FORT WAYNE/DECATUR, Ind. (WANE) — Throughout the pandemic businesses have shared their struggles to get by while implementing the pandemic restrictions. For some businesses, the answer to their problem was changing their process.
Pre-pandemic, Kiss My Grass Soapery owner Amy Delap sold most of her soap and body products through trade shows and farmers’ markets but that all changed when the COVID-19 pandemic hit earlier this year.
“The shows all dried up, we couldn’t teach either, so we were pretty much relying on online sales,” said Delap.
Delap relayed her struggles on social media and said her customer base stepped up. Online sales of her products boomed, but it still was not enough to keep her business afloat. So, she switched up her plan.
“Our plans were to open a store within a couple of years but we just kind of speeded up the process,” said Delap.
She opened up a store at 1636 W. Main Street in Fort Wayne towards the end of September. It was a move she said has paid off, in part because it is located in an up-and-coming area.
“We’ve had people coming in steadily on our open days and even contacting me when we’re not open and asking to come in to shop, which we’re happy to do,” said Delap.

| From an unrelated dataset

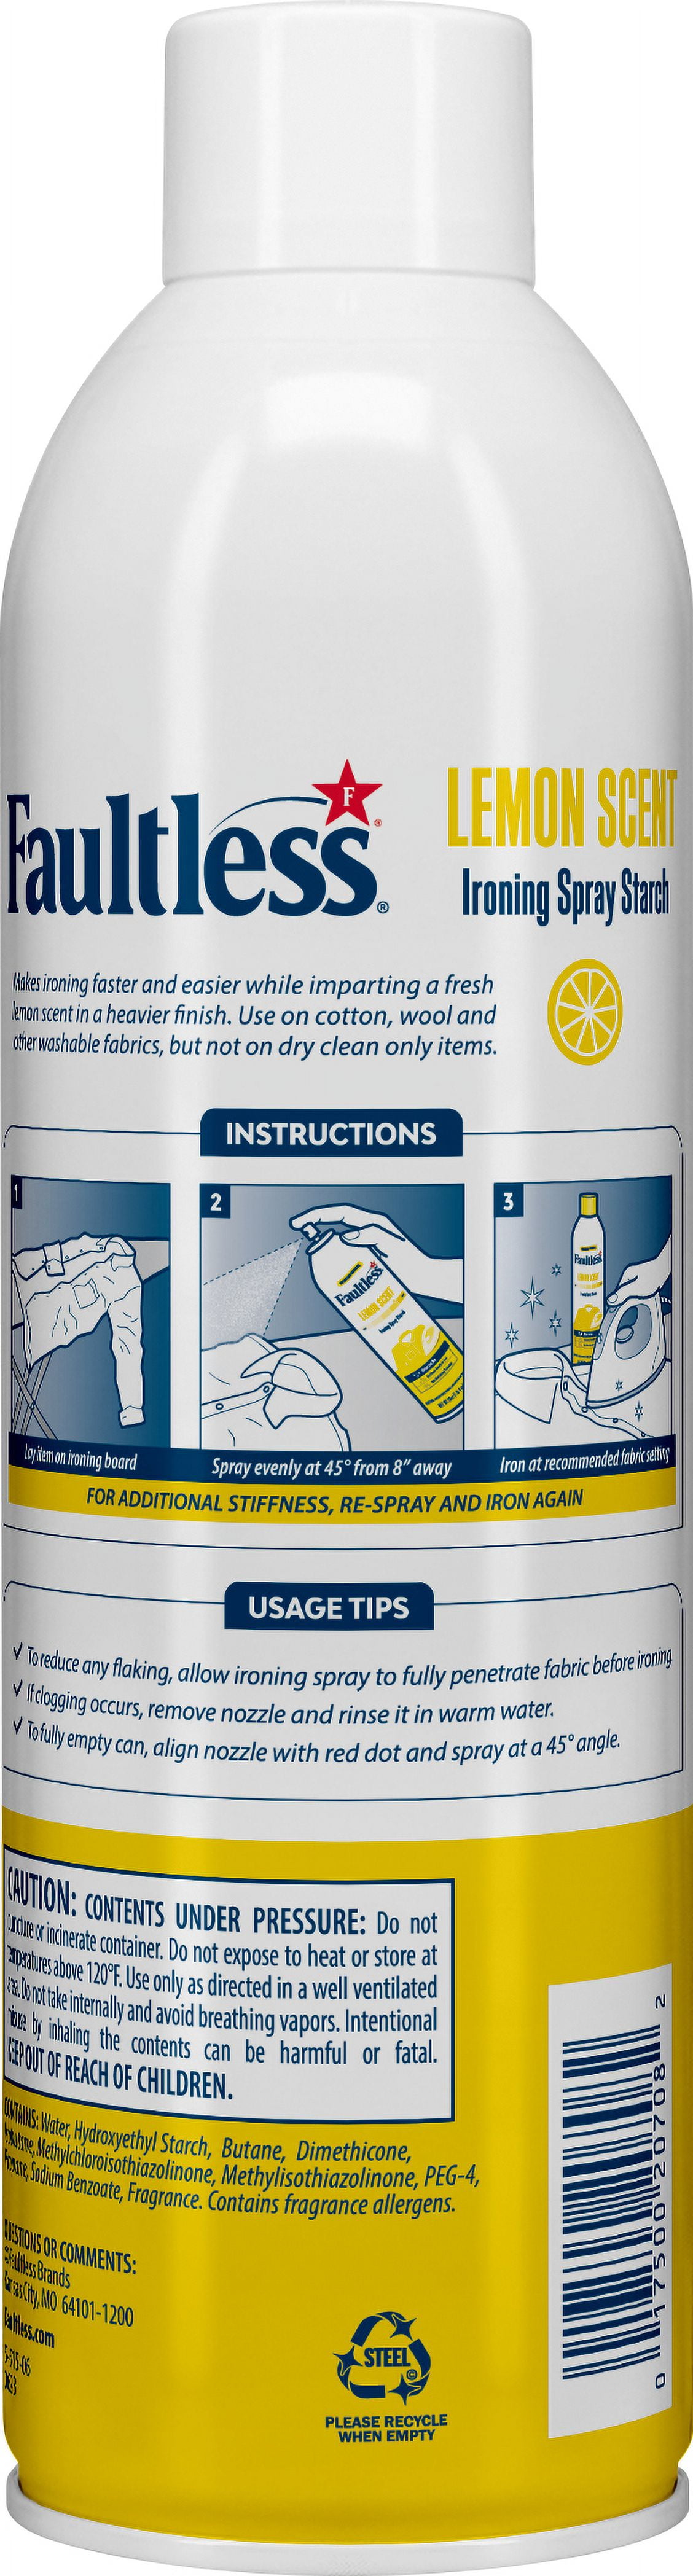 Buy Faultless Lemon Scent Ironing Spray Starch Fabric Stiffener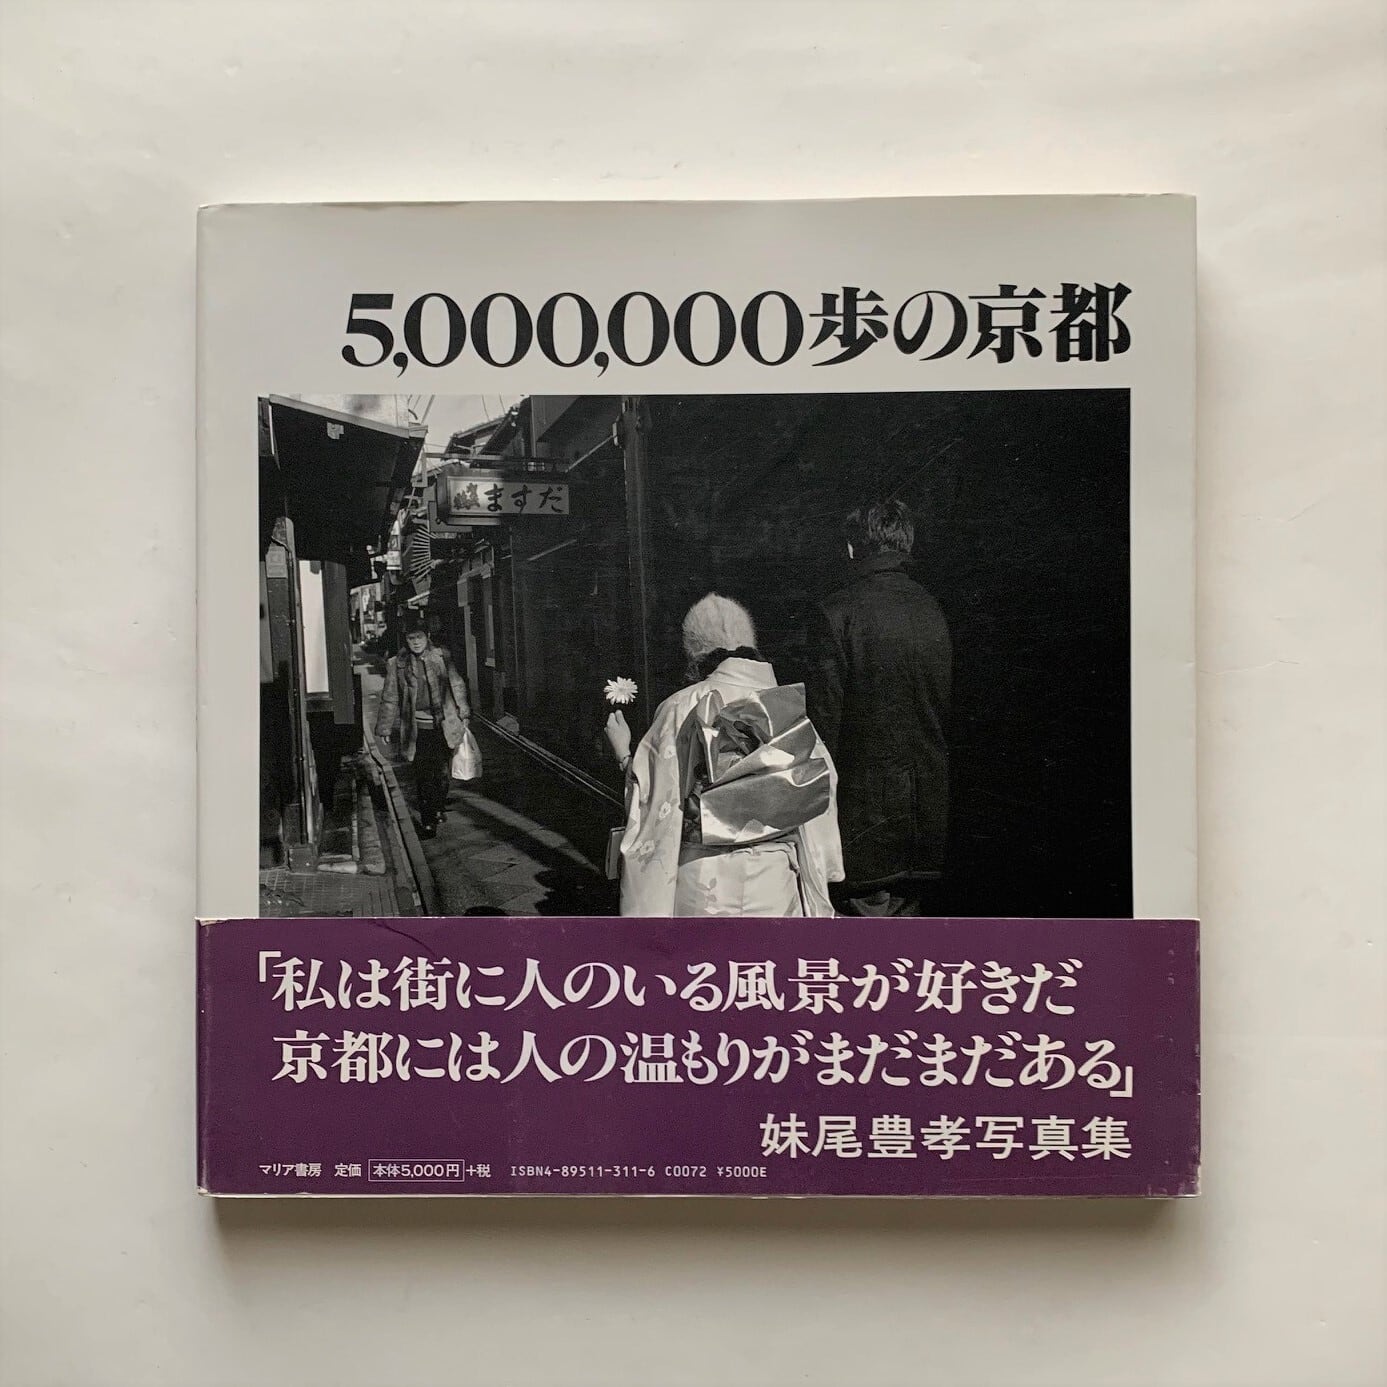 5,000,000歩の京都 / 妹尾 豊孝

In Decatur, popular buffet restaurant Back 40 Junction was shut down completely because of COVID-19 and its owners, Azar Corporation, decided to try and sell the business. Its future remained unknown for months, with some worries it may never reopen. After seven months, former Azar Corp. District Manager John Ferrise was able to buy the buffet and make it his own.
Back 40 Junction is set to open November 4, and in the meantime, Ferrise has been making changes to better fit COVID-19 restrictions. He plans on trading the buffet line for a more traditional sit-down experience and is adding curbside service. They will have to cut down on seating to comply with social distancing but be able to keep a good amount of seating thanks to their square footage. Despite the changes, he said the Back 40 experience will be largely unchanged. They will continue using the same menu and recipes that customers are familiar with and have added extra artifacts to their wall of treasures.
According to Ferrise, much of the old staff is returning as well and he is hopeful the buzz their reopening has generated online is a good indication of Back’s 40’s future.
“The call for us to reopen, people just wanted to get that Back 40 fix and can’t wait to just get the doors opened up again,” said Ferrise.